Nurses face stigmatisation for role as Covid-19 frontline workers Zimbabwe Nurses Association President Mr Enock Dongo

Patrick Chitumba, Midlands Bureau Chief
NURSES who are part of the Covid-19 frontline workers are reportedly facing stigmatisation and discrimination across the country, a development that has seen some of them being evicted from their lodgings as landlords and fellow tenants fear that they are carriers of the virus.

In some instances, nurses are shunned by family and friends and face discrimination when using public transport and when they are shopping in supermarkets.

Health workers have been greatly exposed to Covid-19 and by the end of last month, statistics indicated over 300 having been infected countrywide.

The stigma the health workers are facing make an already challenging situation for the health workers even more difficult for them.

In an interview yesterday, Zimbabwe Nurses Association president Mr Enock Dongo said some healthcare workers were being shunned by community members owing to stigma or fear.

“It happens everywhere but mostly in Bulawayo and Harare. It’s unfortunate that the nurses don’t want us to divulge their names but they have informed us that they are being evicted simply because they are health workers and the landlords suspect that they are carriers of Covid-19,” he said.

Mr Dongo said most nurses were renting and use public transport.

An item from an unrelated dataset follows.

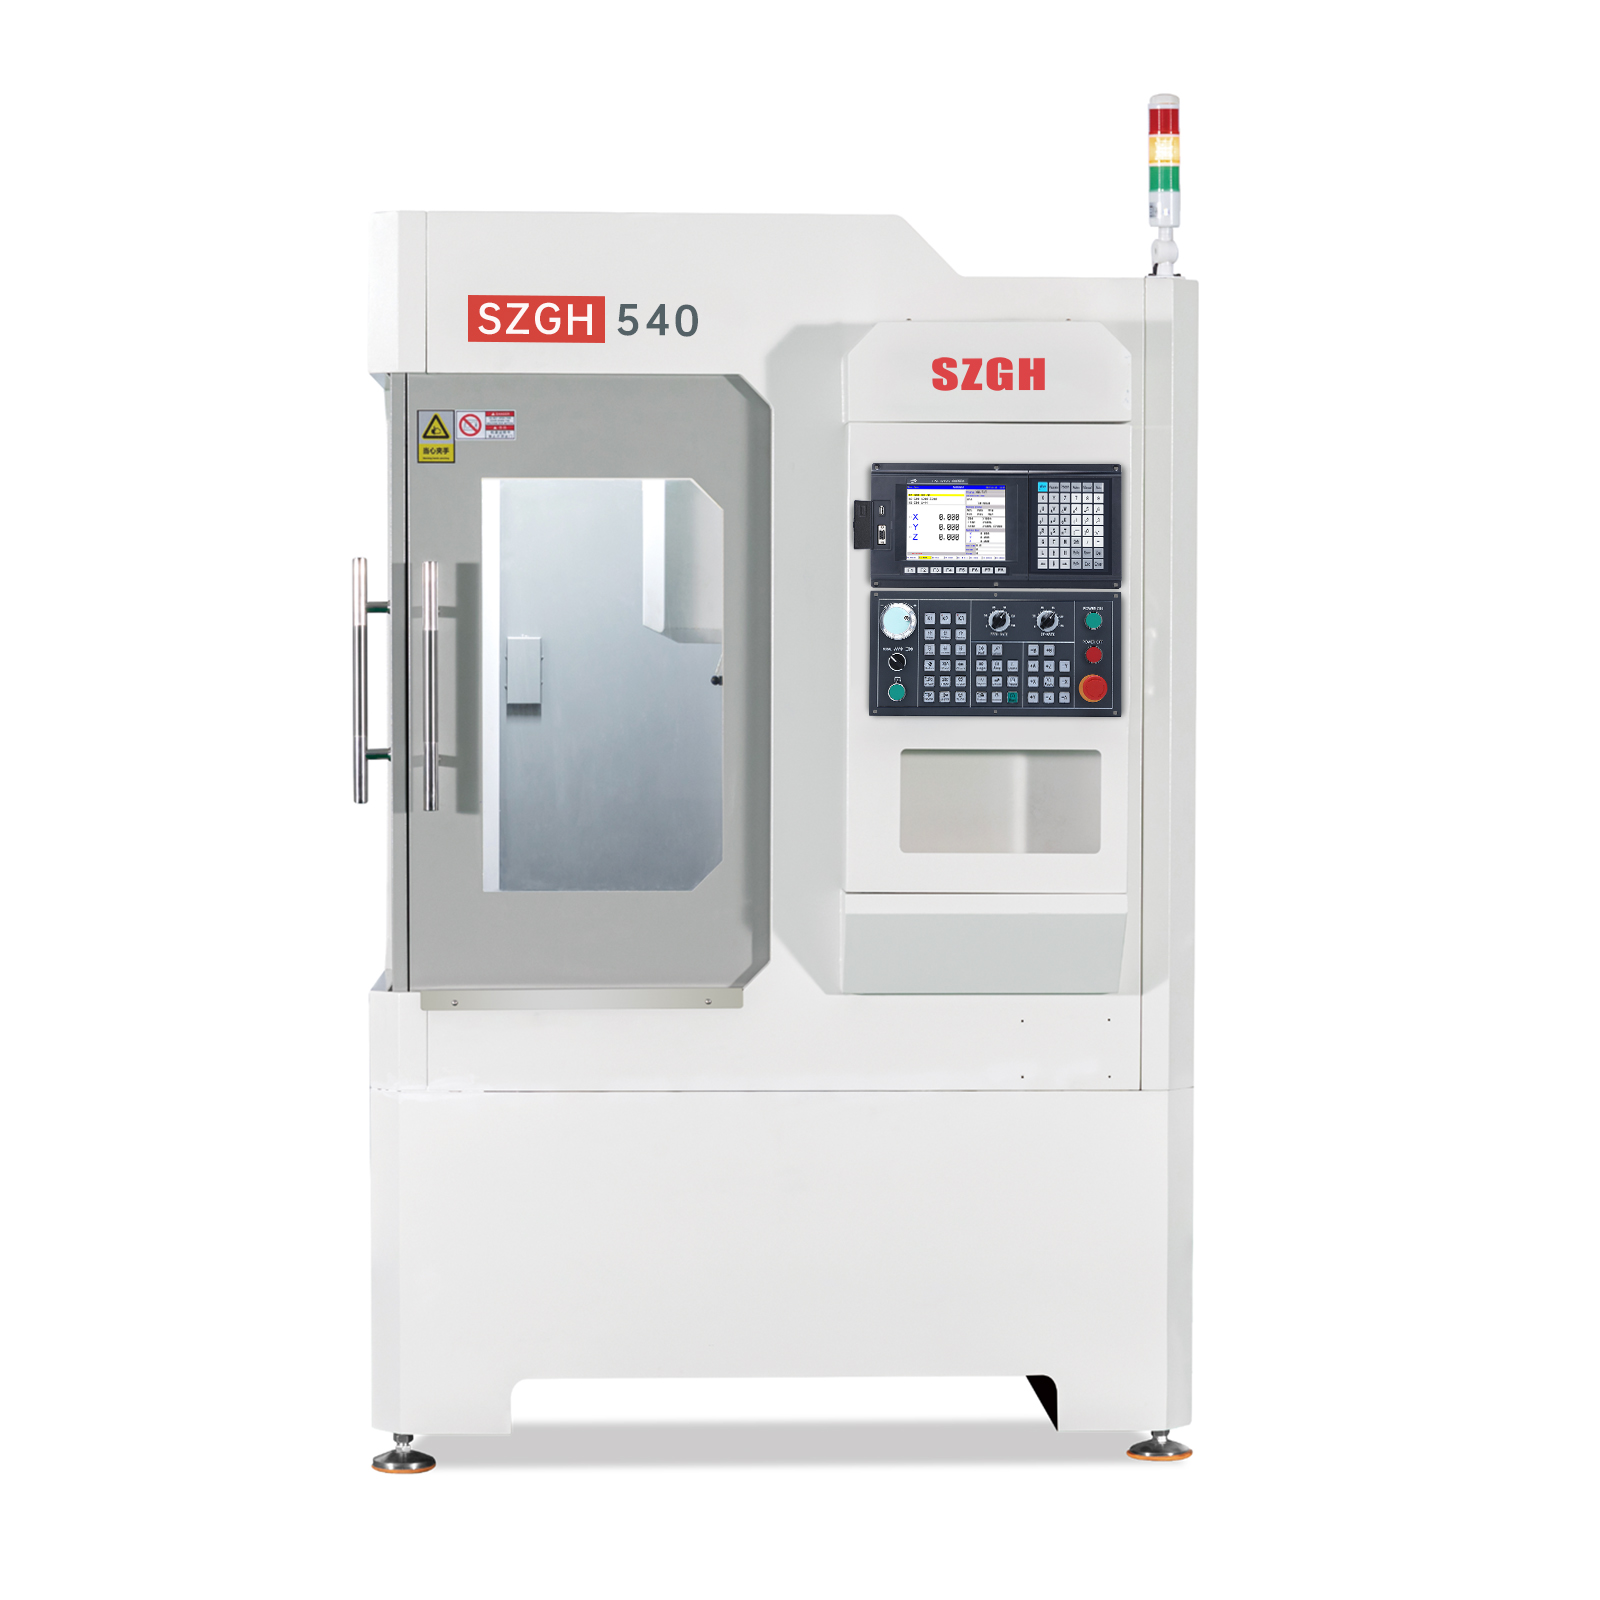 SZGH 3 Axis Milling Machine with 4.5KW Spindle Motor 8 Station Tool Magazine

“Most of these nurses rent, they stay in rented houses where sometimes there are five families in one house sharing one bathroom and toilet, so there is a stigma and there is a physical approach and evictions by the landlords. Some of them are saying the other tenants in the house complain to the landlord saying they can’t share the same house with them since they attend to Covid-19 cases. So, this is real, it’s happening,” he said.

Mr Dongo said a nurse should be able to live a decent life and should be well-paid adding that is only possible if the employer improves their conditions of service.

He said they are urging Government to ensure that they receive a decent wage.

“We are saying if our employers give us a decent wage, we are able to own a house and if not a house, we are able to rent a full house. In that way, no one will say you are going to give us Covid-19,” he said.

Mr Dongo said frontline workers were also urging Government to provide more PPEs for them so that they mitigate against the spread of Covid-19.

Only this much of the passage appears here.